**Data segment:**
*** Block opens ***

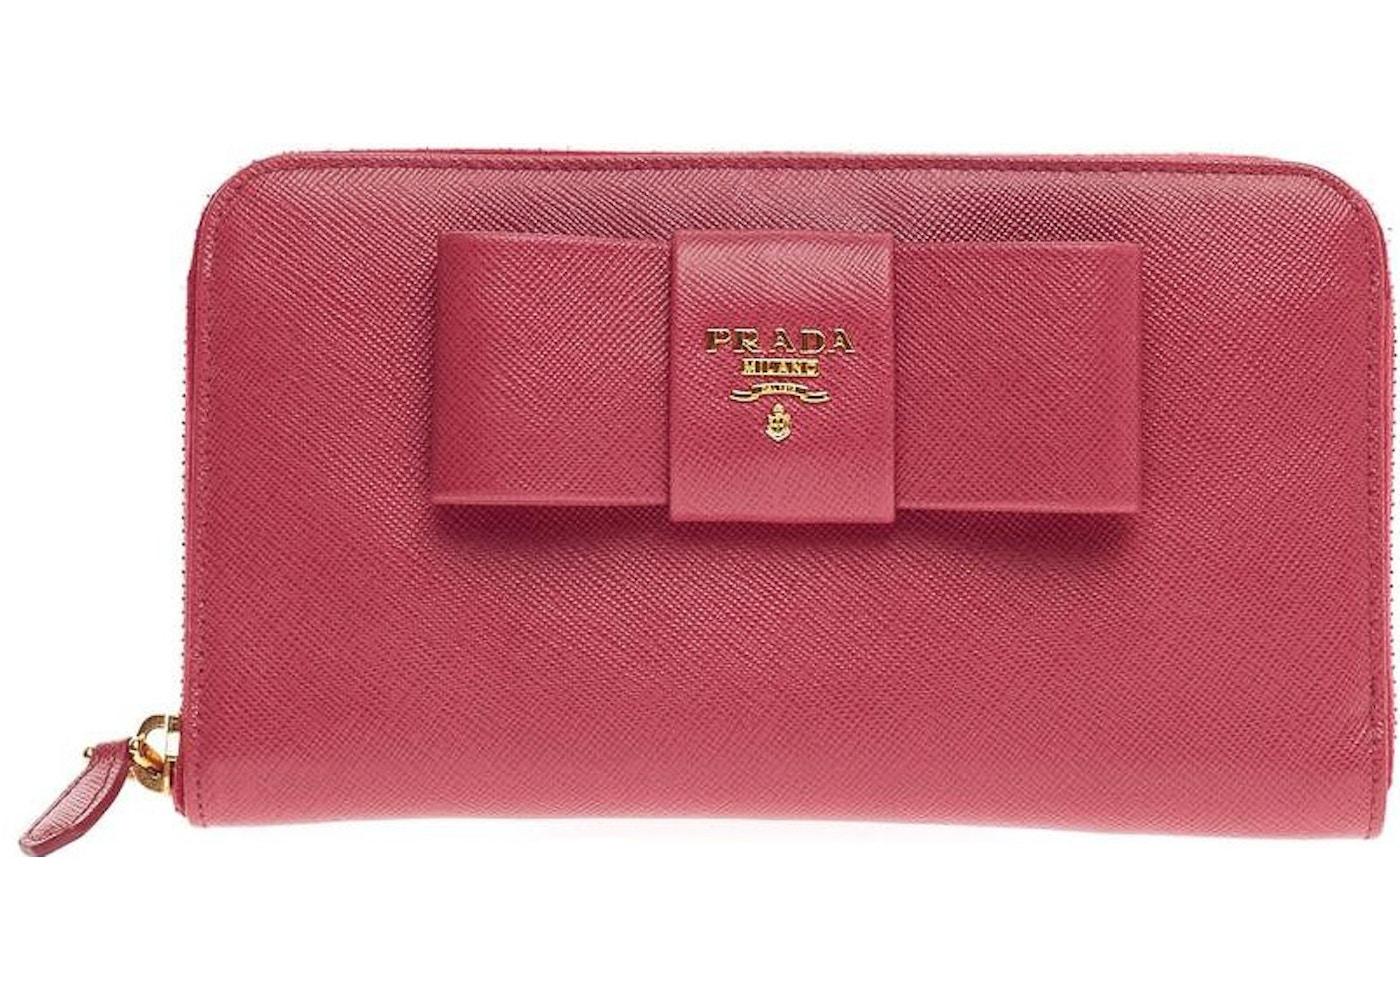 564cee042cbb82 Prada Zip Around Bow Wallet Saffiano Pink. Saffiano Pink
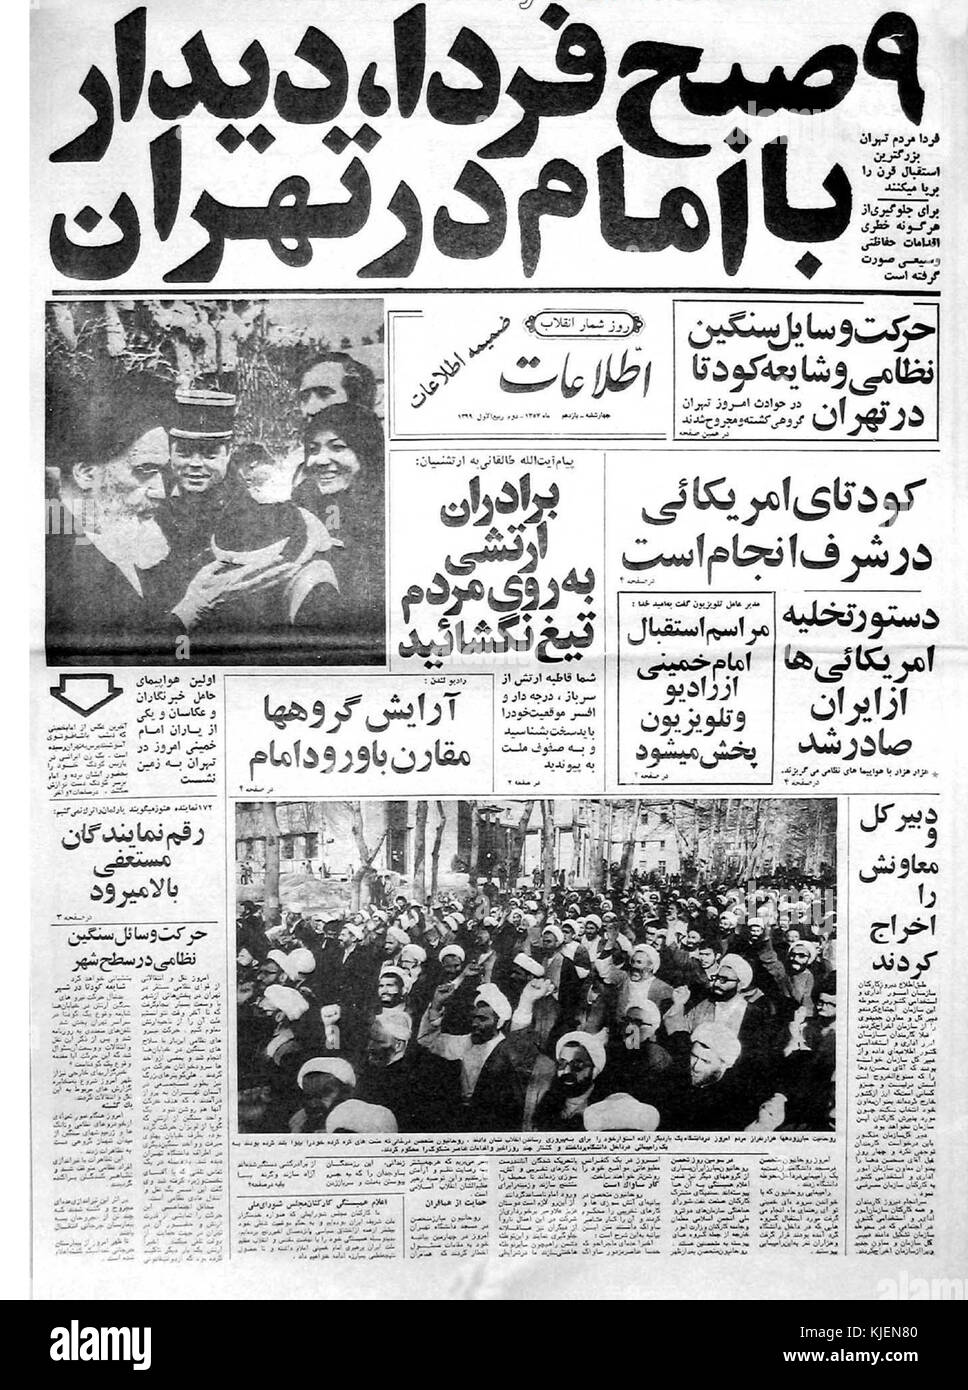 Newspaper title Iranian revolution - Stock Image
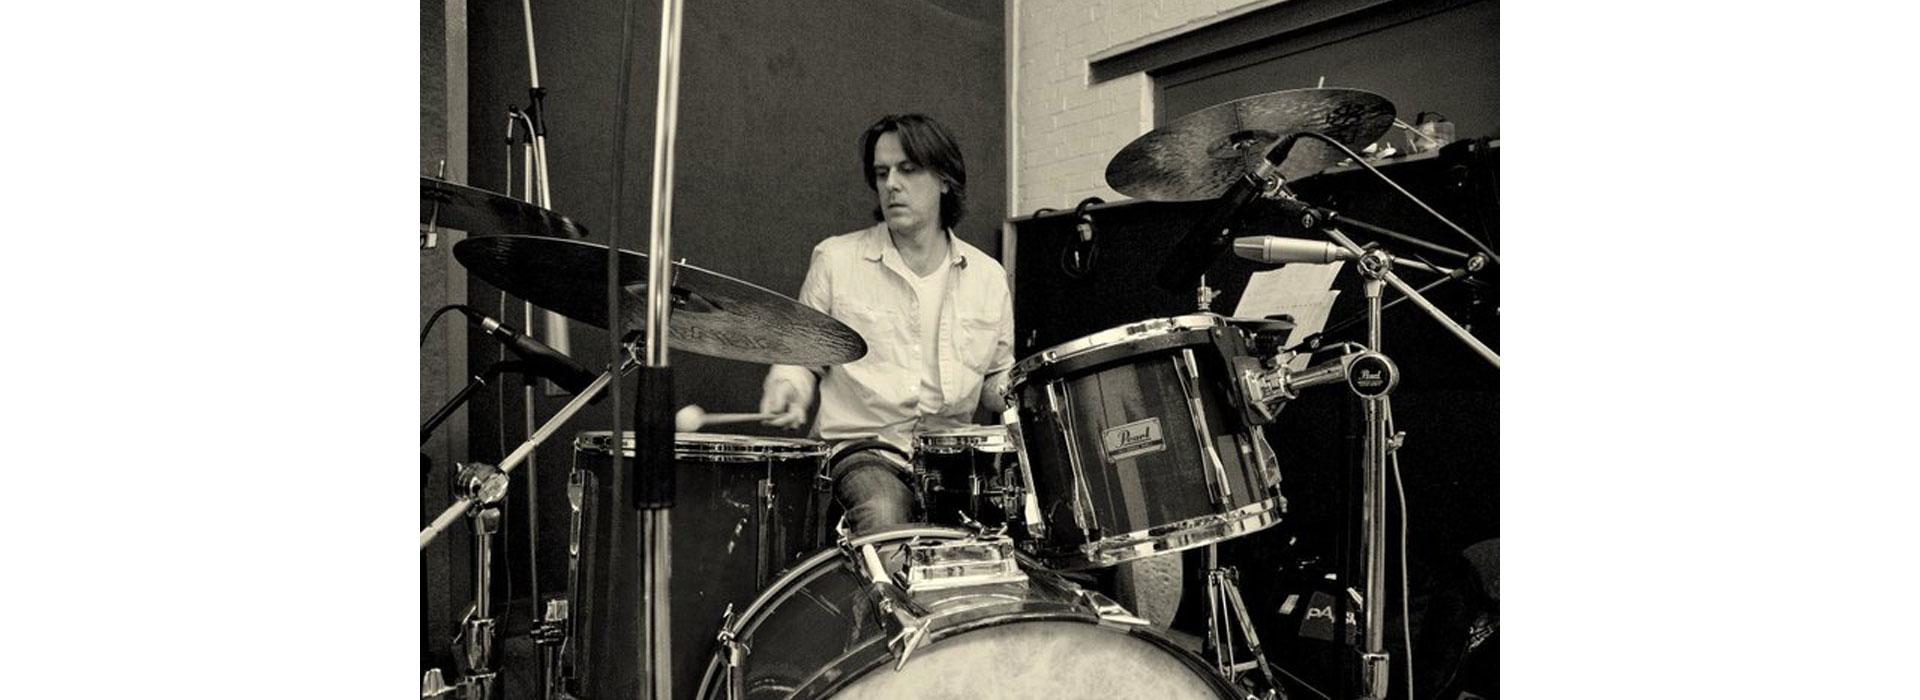 Roy Martin in the studio

*** Block closes ***

**Task prompt:** The response consists of the data above printed line for line, with no pictures.

**Task response:**
 564cee042cbb82 Prada Zip Around Bow Wallet Saffiano Pink. Saffiano Pink
 Newspaper title Iranian revolution - Stock Image
 Roy Martin in the studio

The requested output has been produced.